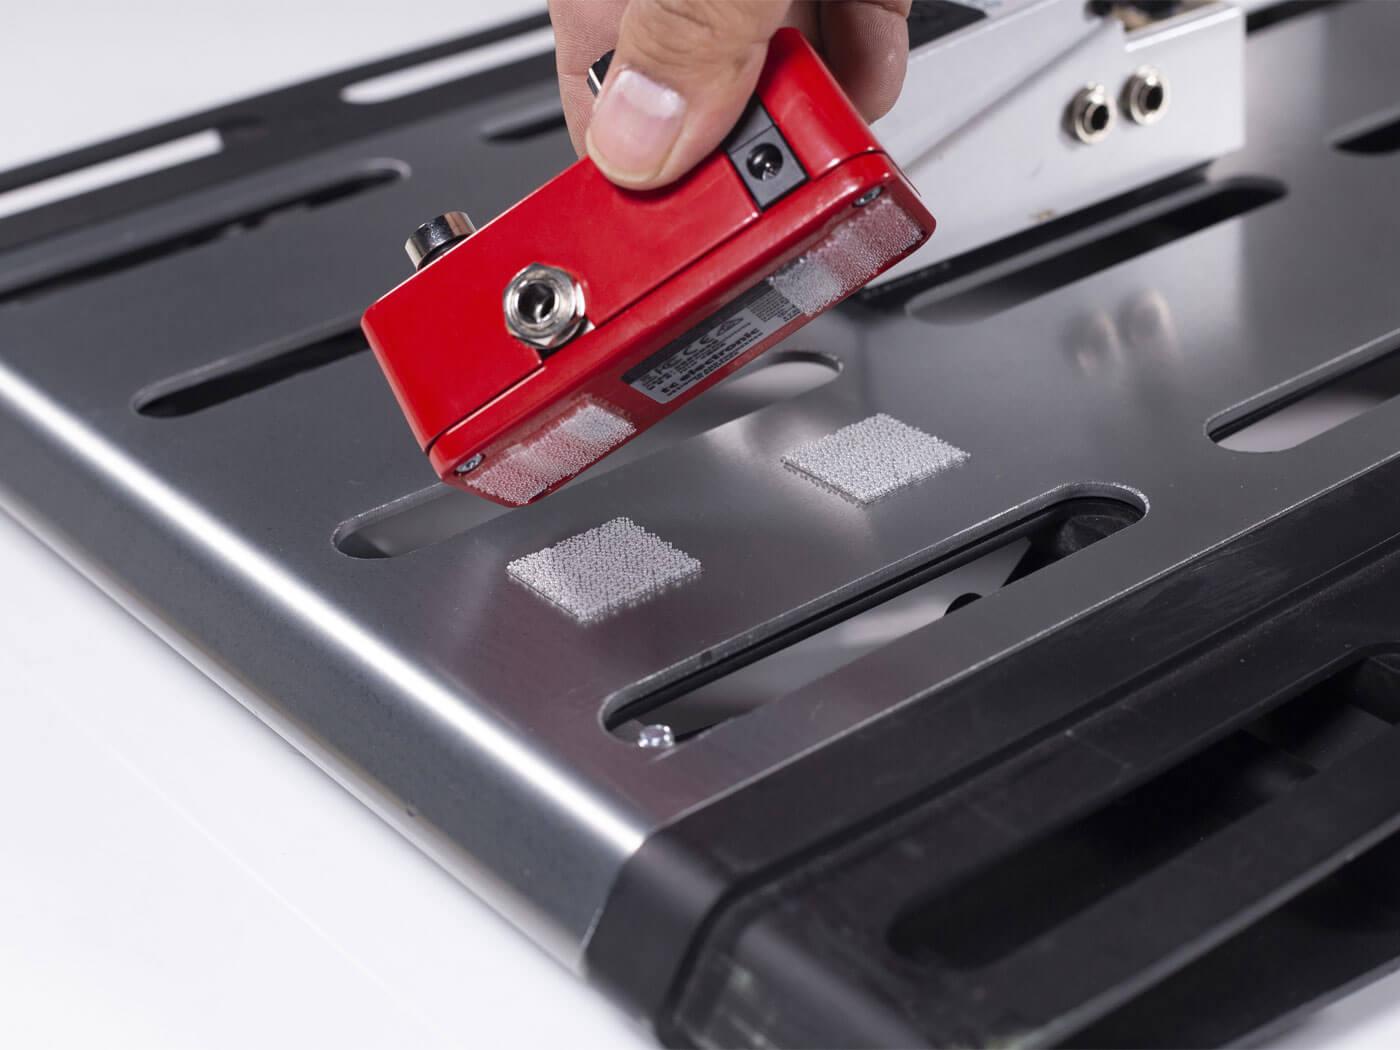 Gruv Gears LYNK fasteners
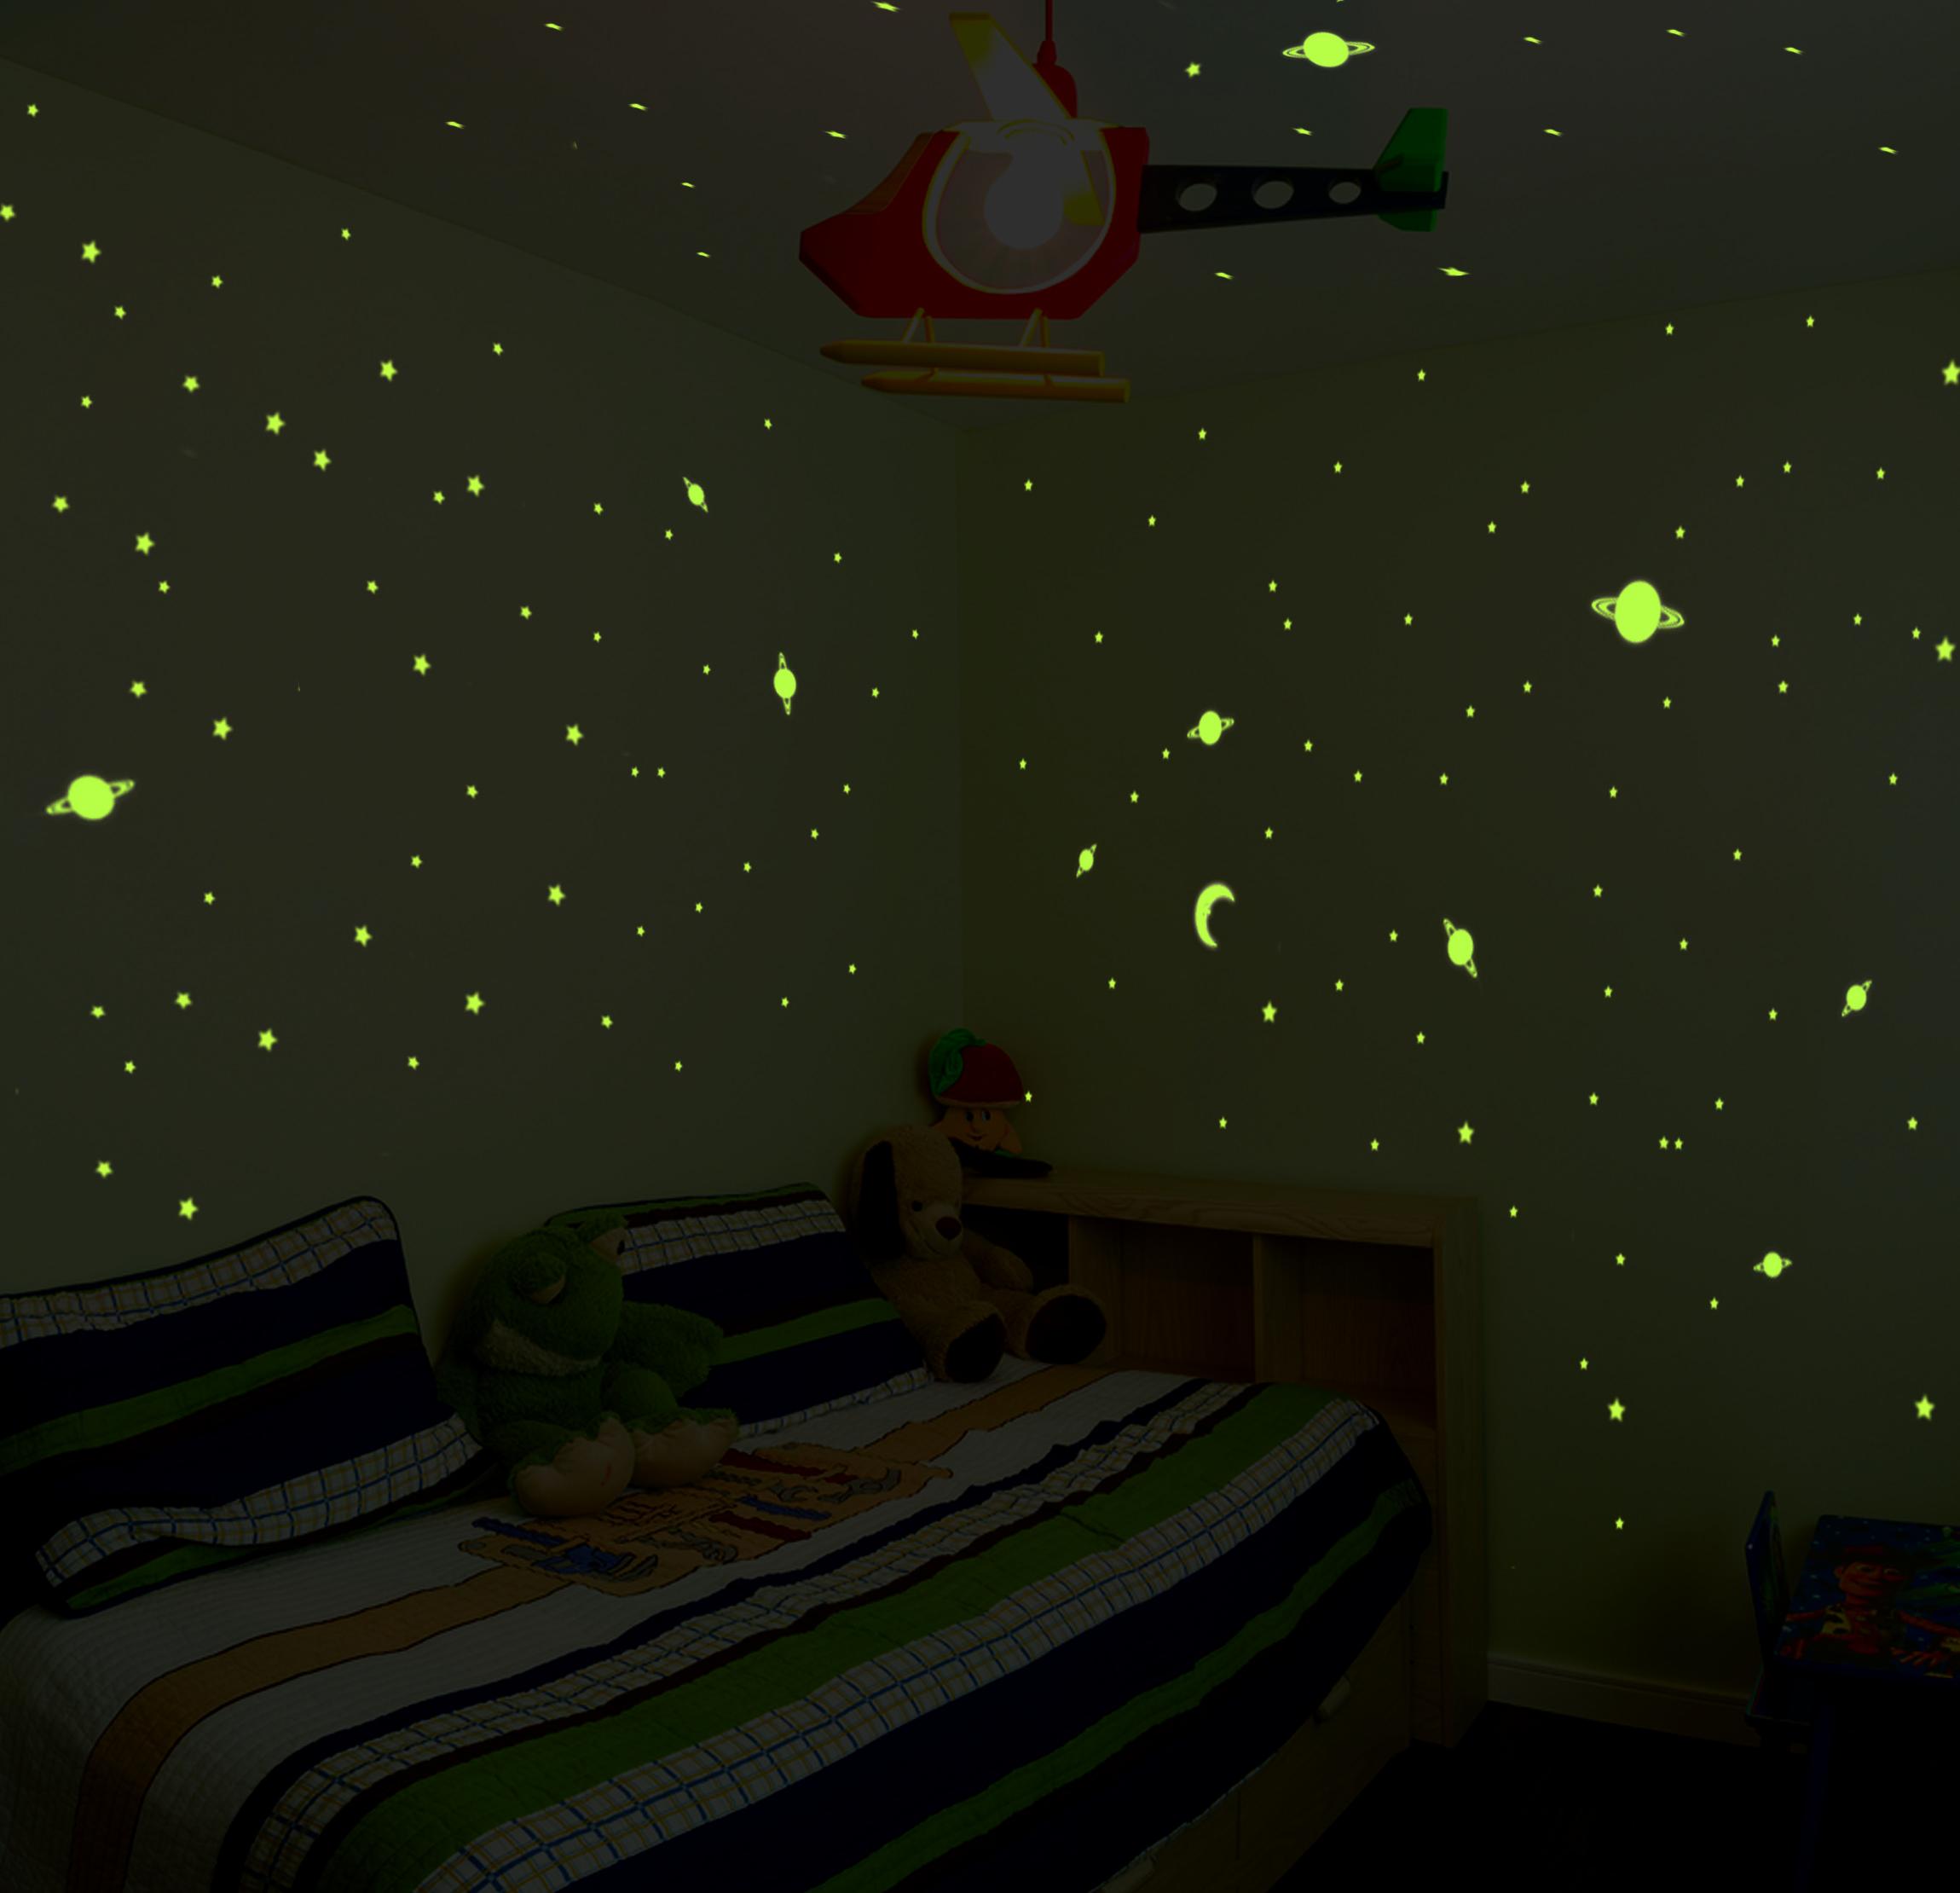 sticker univers environ 150 toiles et plan tes phosphorescentes stickers b b s fille. Black Bedroom Furniture Sets. Home Design Ideas
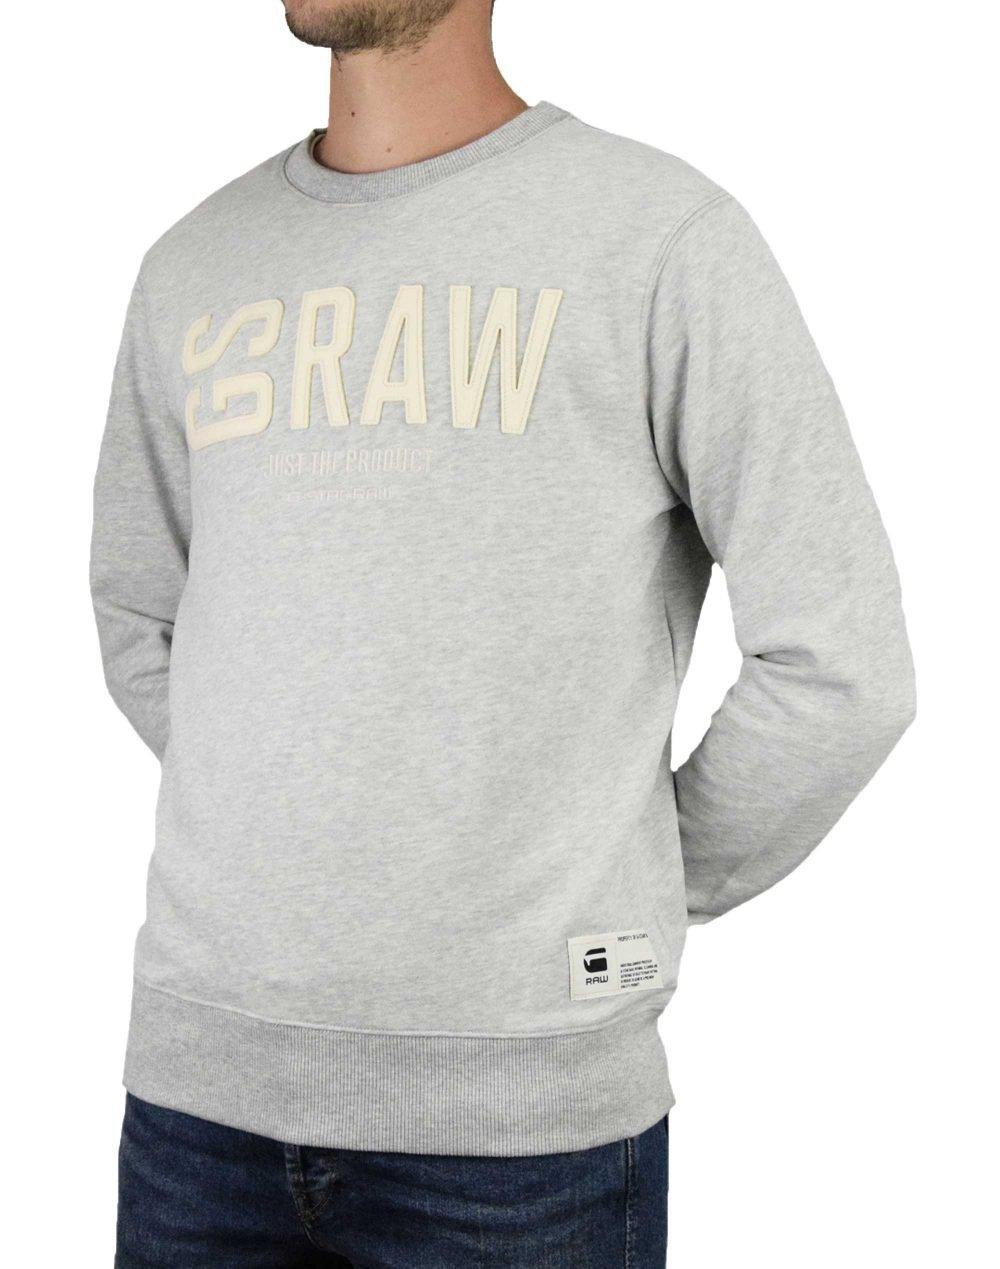 G-Star Raw Graphic 17 Core Crew Neck (D14725-B349-A302) Light Grey Heather
○ ○ ○ ○ ○
* **Your assignment**
Please transcribe each line above exactly, but leave the images out.

* **Task answer**
 Gruv Gears LYNK fasteners
 sticker univers environ 150 toiles et plan tes phosphorescentes stickers b b s fille. Black Bedroom Furniture Sets. Home Design Ideas
 G-Star Raw Graphic 17 Core Crew Neck (D14725-B349-A302) Light Grey Heather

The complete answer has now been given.